Ich beichte, dass ich panische Angst vor einer Schwangerschaft habe. Nein, ich bin kein unerfahrener Teenager, der Angst vor dem Versagen sämtlicher Verhütungsmethoden hat. Ich bin eine erwachsene Frau, Anfang 30, die mit beiden Beinen im Leben steht. Beruflich erfolgreich, glücklich verheiratet. Ich habe wirklich die totale Panik, wenn ich daran denke, schwanger zu werden, ein Kind zu bekommen, eine Geburt erleiden zu müssen. Ja, ich schreibe bewusst erleiden. Bereits als Teenager zeichnete sich ab, dass ich nie Kinder haben will. Ich sah mich nie als Mutter. Weibliche Verwandet prophezeiten mir, das werde sich schon noch ändern. Tat es nicht wirklich. Nur als sich das Ende meiner 20er näherte und die bereits mehrjährige und als sehr stabil zu bezeichnende Beziehung auf eine Hochzeit zusteuerte, lebte ich für eine Weile in einer rosa Zuckerwatte-Welt. In diesem strahlend pinkfarbenen Luftschloss fand ich den Gedanken an eine Familiengründung eigentlich ganz schön.

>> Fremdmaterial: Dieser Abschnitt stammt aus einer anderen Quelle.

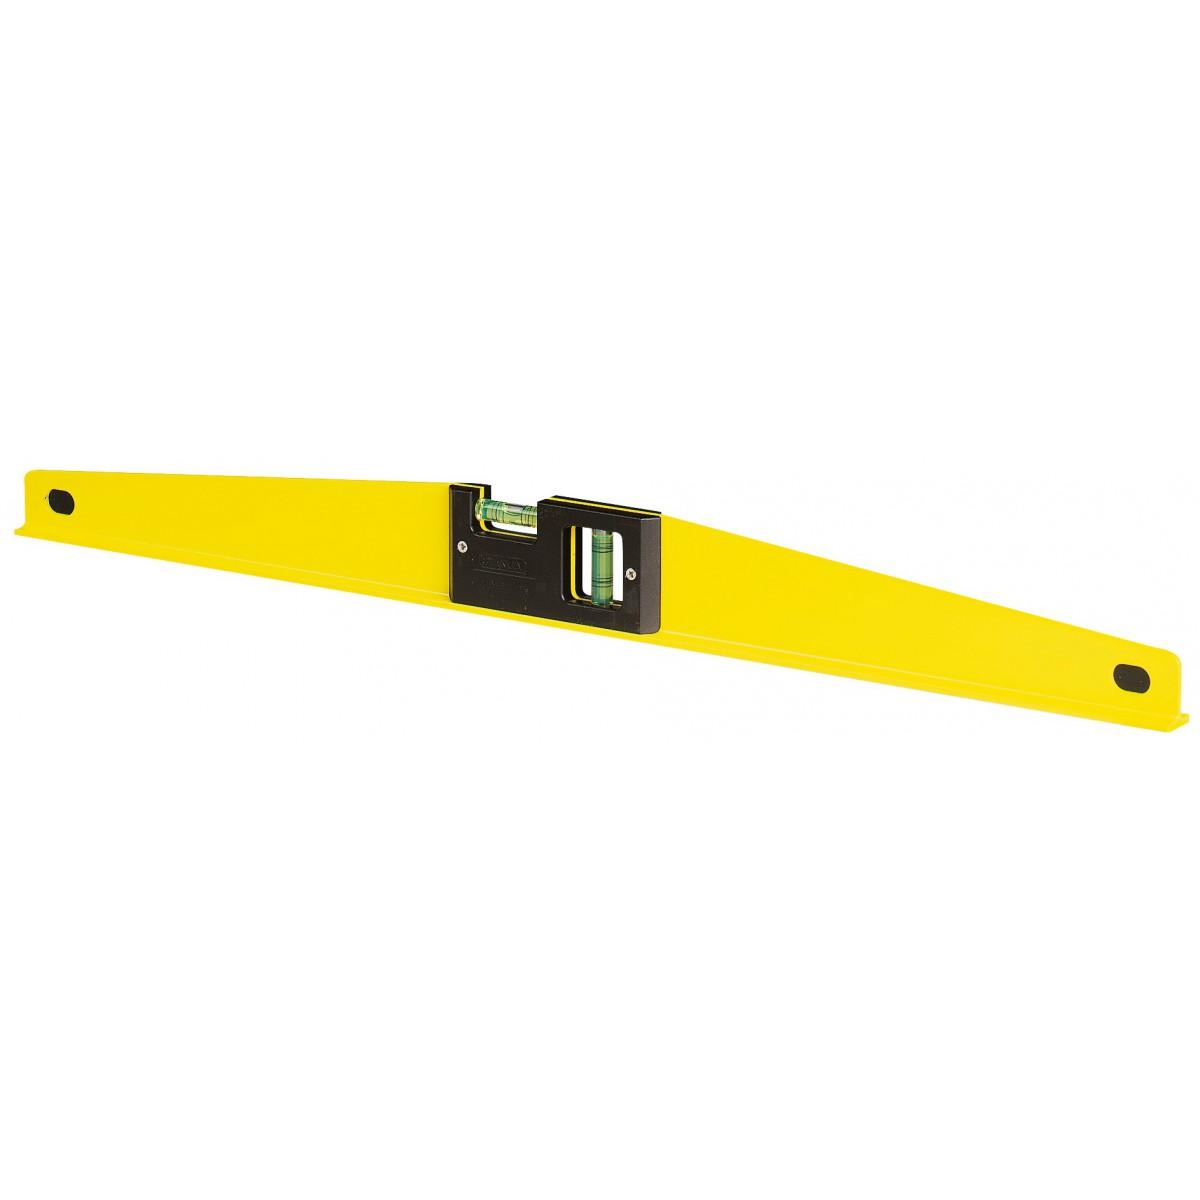 Niveau à semelle GP Stanley - Longueur 40 cm
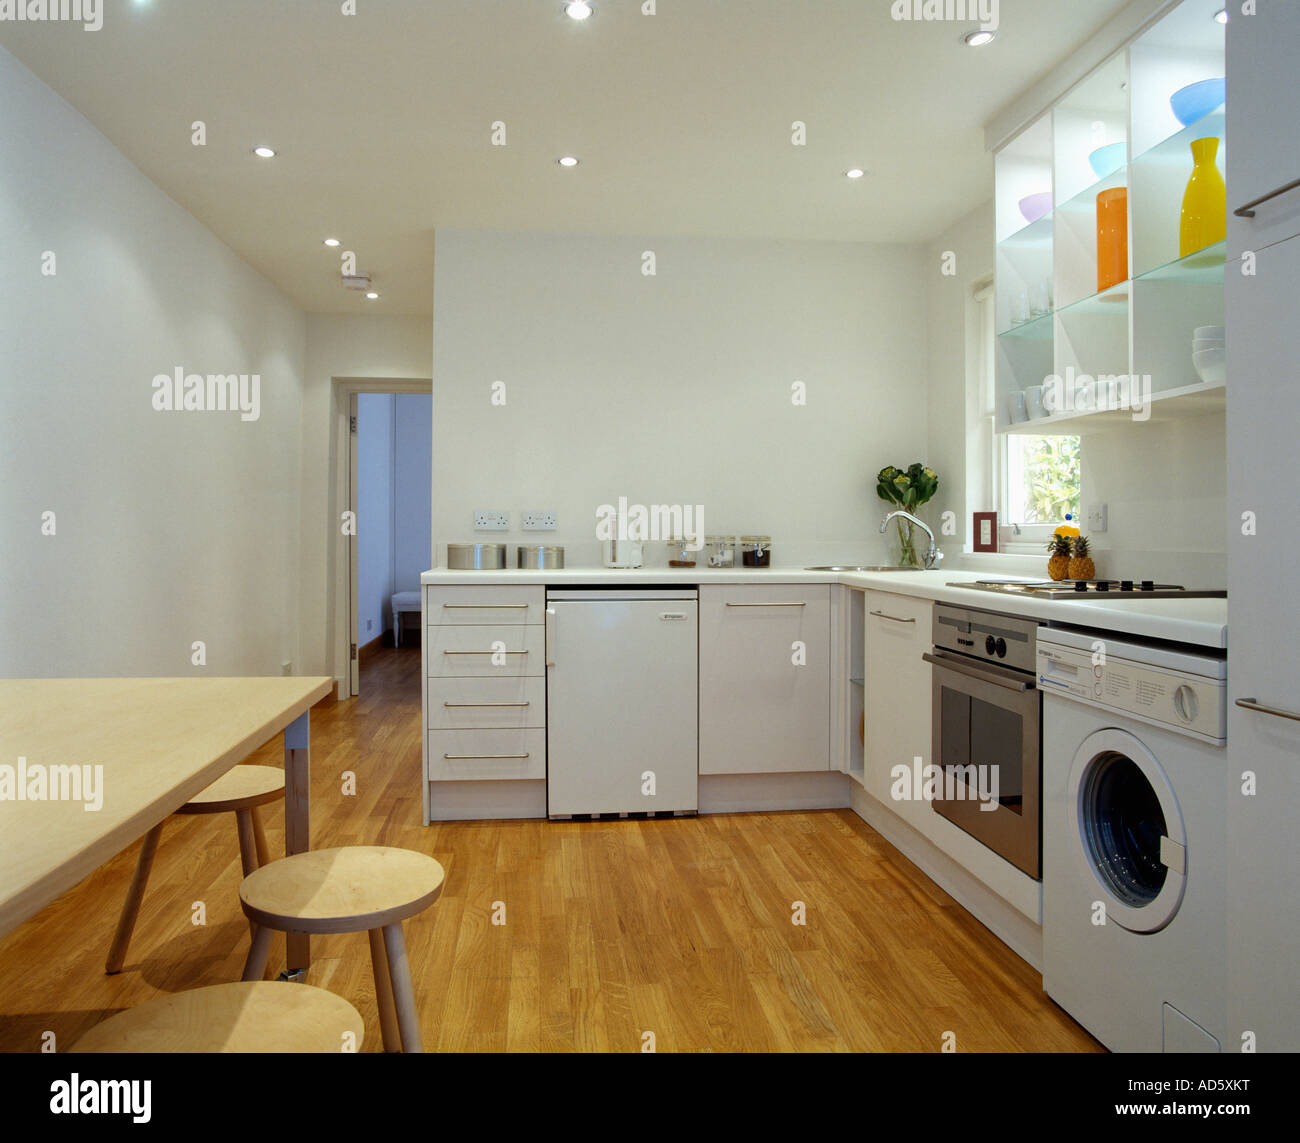 Lavatrice cucina cucina con armadi marrone lavatrice e - Lavatrice in cucina ...

Nun, drei Hochzeitstage, eine Beförderung und ein Nachdiplomstudium später, ist die rosa Zauberwelt natürlich verschwunden. Wir sind nach wie vor glücklich und genießen unser alltägliches Eheleben. Aber mein Kinderwunsch ist weg. Er ist einer enormen, beinahe schon krankhaften Panik gewichen. Da ich ein Kopfmensch bin, riet mir mein Gynäkologe, mich umfassend mit Fachliteratur über alle Themen rund um Schwangerschaft, Geburt und Kindererziehung zu informieren. Das sollte mir die Angst nehmen, da ich ja dann Bescheid wissen und jederzeit die Kontrolle über die Geschehnisse haben sollte. Leider war das Gegenteil der Fall. Je mehr ich mich auf ganz sachlicher Ebene mit Schwangerschaft und Geburt auseinandersetzte, mit all den Geschehnissen, Risiken und möglichen und definitiv eintretenden Spätfolgen, desto mehr war für mich klar, dass das Ganze meiner Meinung nach an Selbstverstümmelung grenzt. Alleine die Vorstellung, während Stunden halbnackt und völlig ausgeliefert in einem Behandlungsraum zu liegen, begleitet von erniedrigenden Ereignissen wie Stuhlabgang vor Publikum und unkontrollierbarem Gekeuche. Ganz zu schweigen von der Möglichkeit bzw. Wahrscheinlichkeit von reißenden Körperteilen und damit verbundenen medizinischen Risiken. Einfach der blanke Horror. Wieso soll ich mir das antun?

Selbst wenn man das mal alles ausklammert und einfach mal an die darauffolgende Zeit als Familie denkt: Ich bin dann eine Mutter. Meiner Wahrnehmung nach würde ich gesellschaftlich abgestempelt, beruflich auf das Abstellgleis gestellt, per se als unflexibel betrachtet. Ich will das nicht und kämpfe mit Übelkeit und Schweißausbrüchen, wenn ich an all das denke. Das Problem: Ich habe keine Ahnung, wie ich das meinem Mann beibringen soll. Er merkt zwar, dass irgendetwas nicht in Ordnung ist, geht aber wohl nach wie vor davon aus, dass wir in den nächsten 5 Jahren ein Kind bekommen. Das wird nicht geschehen.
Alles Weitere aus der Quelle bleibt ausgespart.